Now it was almost hard to believe the events of the last two months had actually happened. Once she’d gotten back to New York, it felt as if she’d never left. Apparently time had passed, however, and she had found herself in a great deal of trouble over not having had her compositions
ready on time. She’d thrown herself into her work, finishing the final movement of her symphony in less than a month. It had poured out of her from someplace deep inside, finished as she had never finished anything in her head before. It was almost as if she was doing nothing more than taking dictation from her soul.

And the first time she’d heard it rehearsed all the way through, she had wept. Her love for Richard had been in every note, every phrase, every sweeping arc of melody. She’d finally left the concert hall, blubbering almost past reason.

At least she’d thought it had been the symphony to do it to her. It could have been hormones.

Or the morning sickness.

That was the only thing that convinced her that her time in medieval England hadn’t been a dream. She was carrying Richard’s child, his baby, whom he would never know.

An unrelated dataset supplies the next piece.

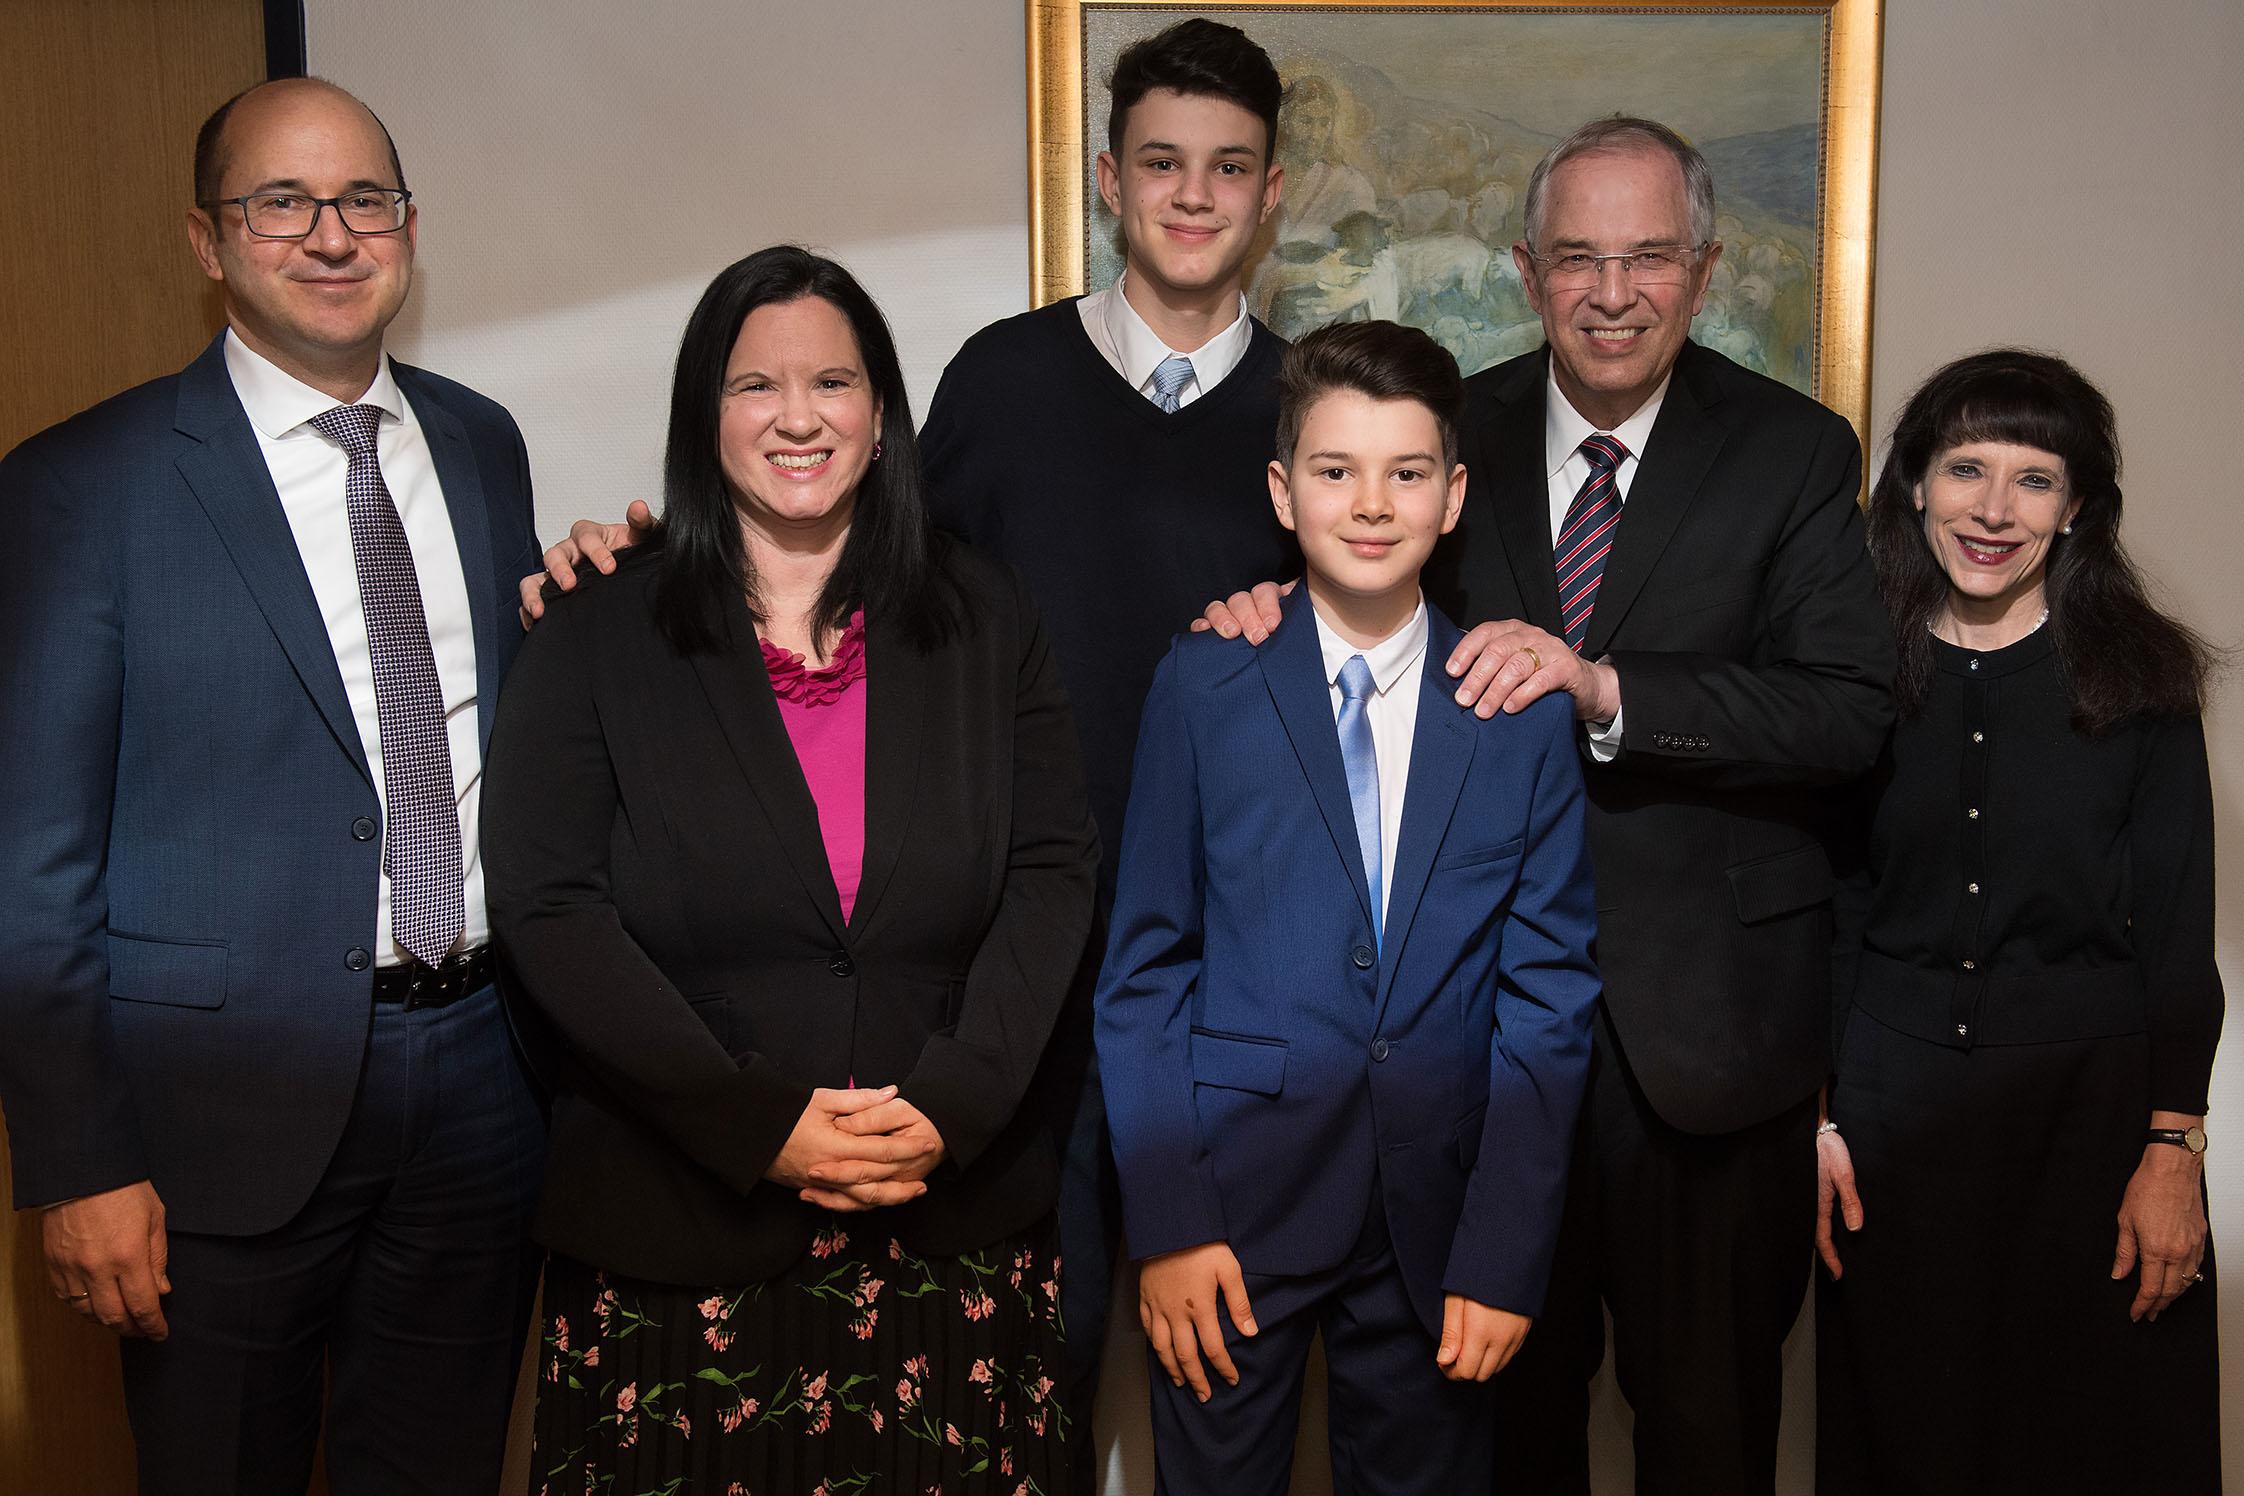 Elder Neil L. Andersen and Sister Kathy Andersen with Elder Helmut and Sister Julia Wondra and their sons, Samuel and Benjamin.

But even that had started to feel far too normal. So she’d bought herself a plane ticket to Seattle, excused herself from sitting in on a week’s worth of rehearsals of her piece, and hoped that being with her mother and grandmother would restore her sanity.

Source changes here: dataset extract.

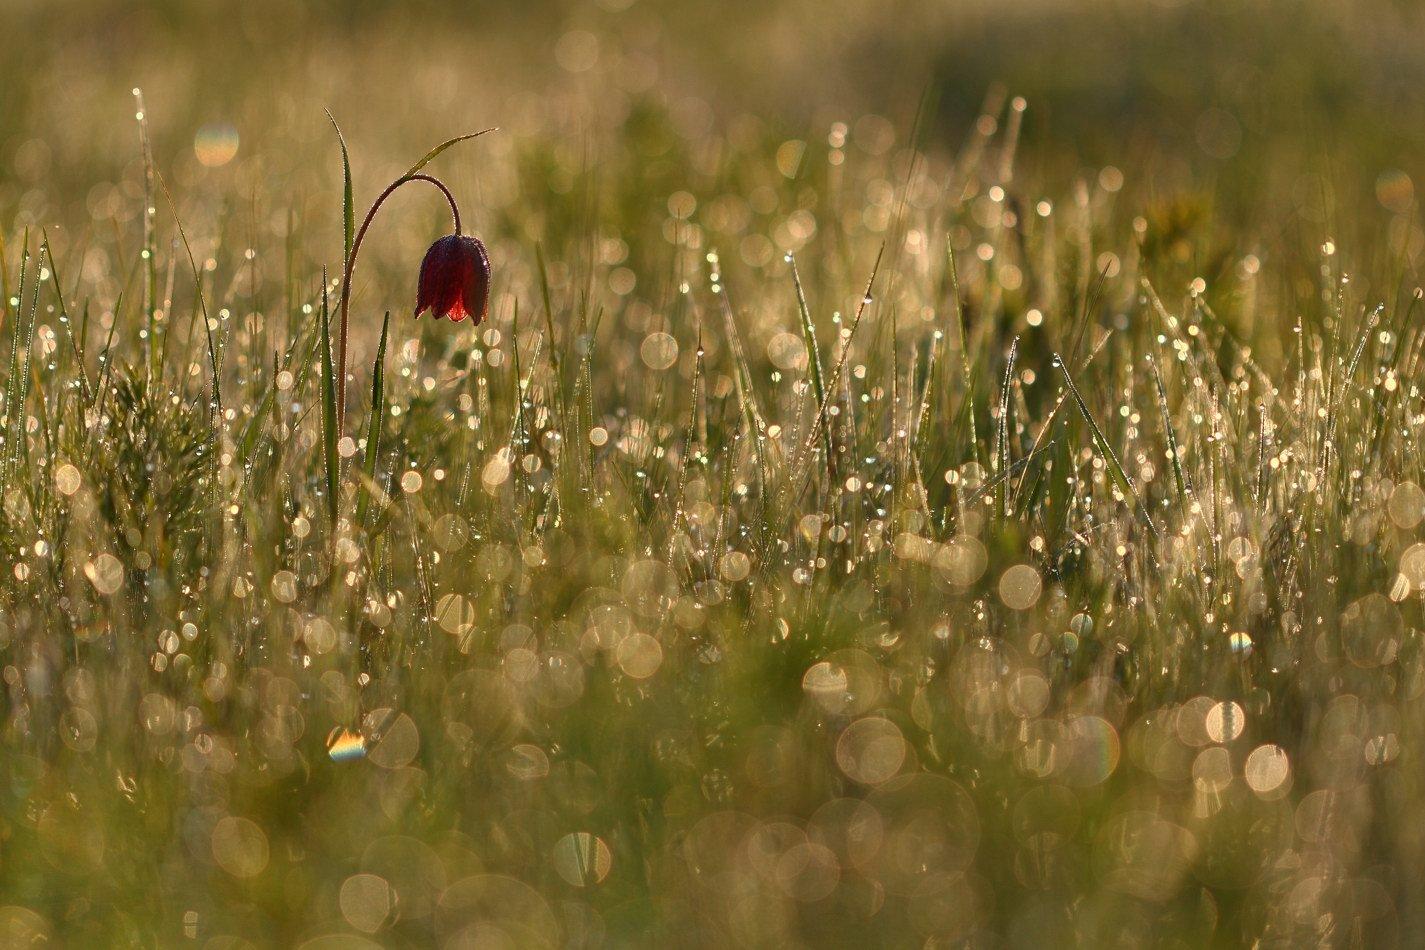 fritillaria, meleagroides, малый, рябчик, самарский лес, Сергій Марков

The plane landed without incident, but even the slight turbulence on the way down had Jessica grabbing for the airsickness bag. She managed to keep from throwing up until the other two people in her row had gotten up, but even then it wasn’t pretty for those around her.

By the time she made it to the gate, she was sobbing and ready to lie down and give up.

Her mother was there, waiting. Jessica figured there was no sense in stopping the sobs to say her hellos. She suspected her mother would understand.

Two hours later she was sitting in the kitchen of her parents’ house, watching her grandmother tat and listening to her mother explain Jessica’s sudden arrival to the next-door neighbor to whom her mother had been explaining things for as long as Jessica could remember. Hot potato soup with homemade bread was next and Jessica couldn’t
remember the last time she’d had anything better.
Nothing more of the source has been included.